§ **Recorded data**:

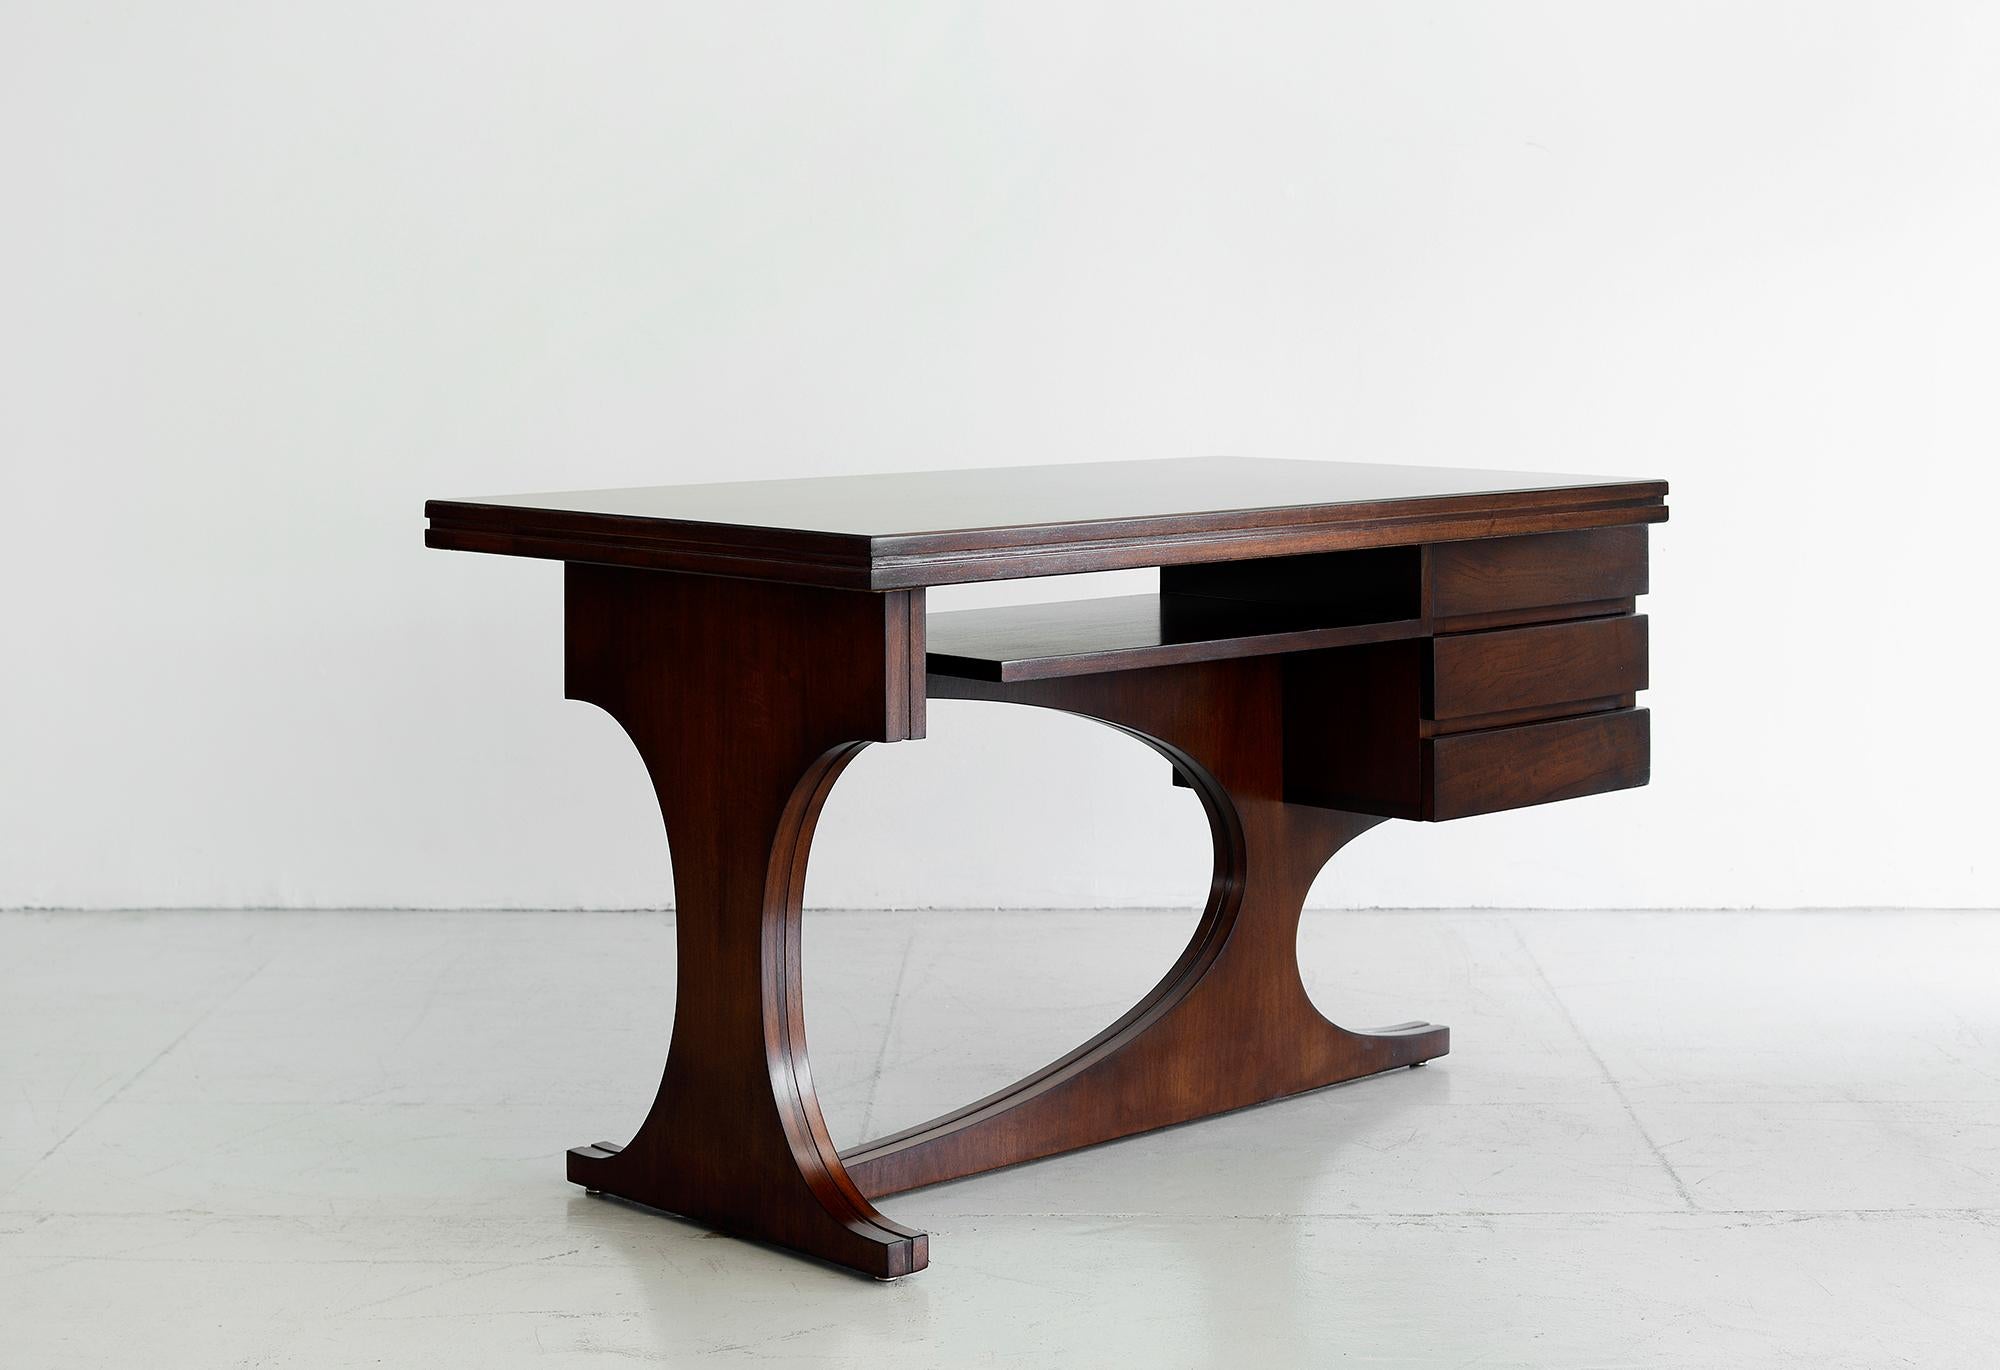 Unique Italian desk designed by Adriano Colombo, Pietro Galli, Vittorio Tavecchia
Single pedestal mahogany wood desk with 3 drawers on floating sculptural base,
circa 1960s and produced by Fratelli Asnaghi.

 
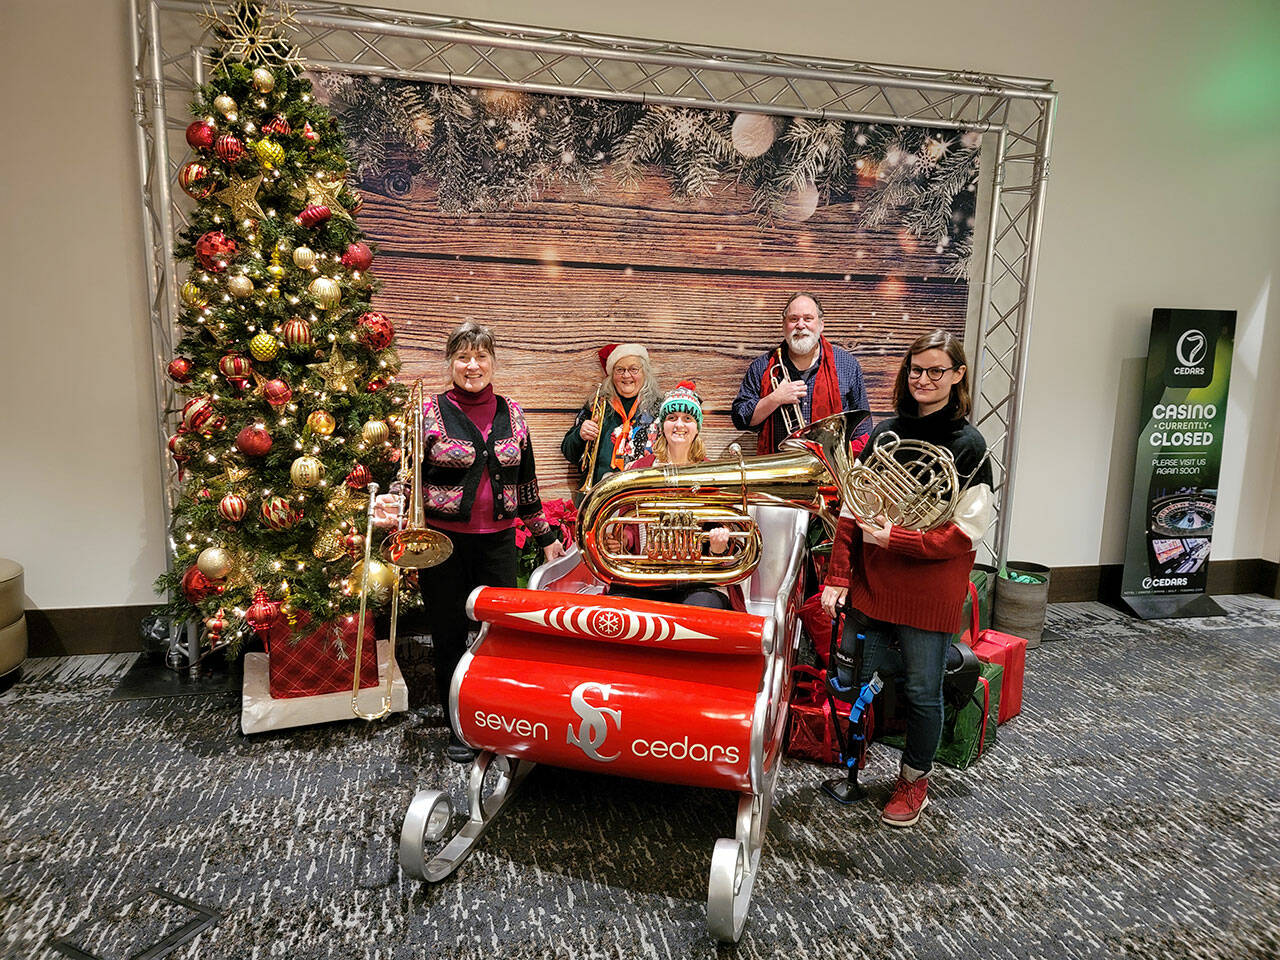 The Sequim City Band Brass Quintet taking a break from playing in Santa's sleigh at 7 Cedars Hotel on Dec. 18. Musicians include: Cindy MacKay, trombone; Cheryl Smoker, trumpet; Hannah Reed, tuba; Jim Bradbury, trumpet, and Kat Creekmore, French horn. Photo by Dave Proebstel

§ **Task requirements**: Transcribe each line above verbatim, with the pictures left out.

§ **Reply**:
 Unique Italian desk designed by Adriano Colombo, Pietro Galli, Vittorio Tavecchia
Single pedestal mahogany wood desk with 3 drawers on floating sculptural base,
circa 1960s and produced by Fratelli Asnaghi.

 
 The Sequim City Band Brass Quintet taking a break from playing in Santa's sleigh at 7 Cedars Hotel on Dec. 18. Musicians include: Cindy MacKay, trombone; Cheryl Smoker, trumpet; Hannah Reed, tuba; Jim Bradbury, trumpet, and Kat Creekmore, French horn. Photo by Dave Proebstel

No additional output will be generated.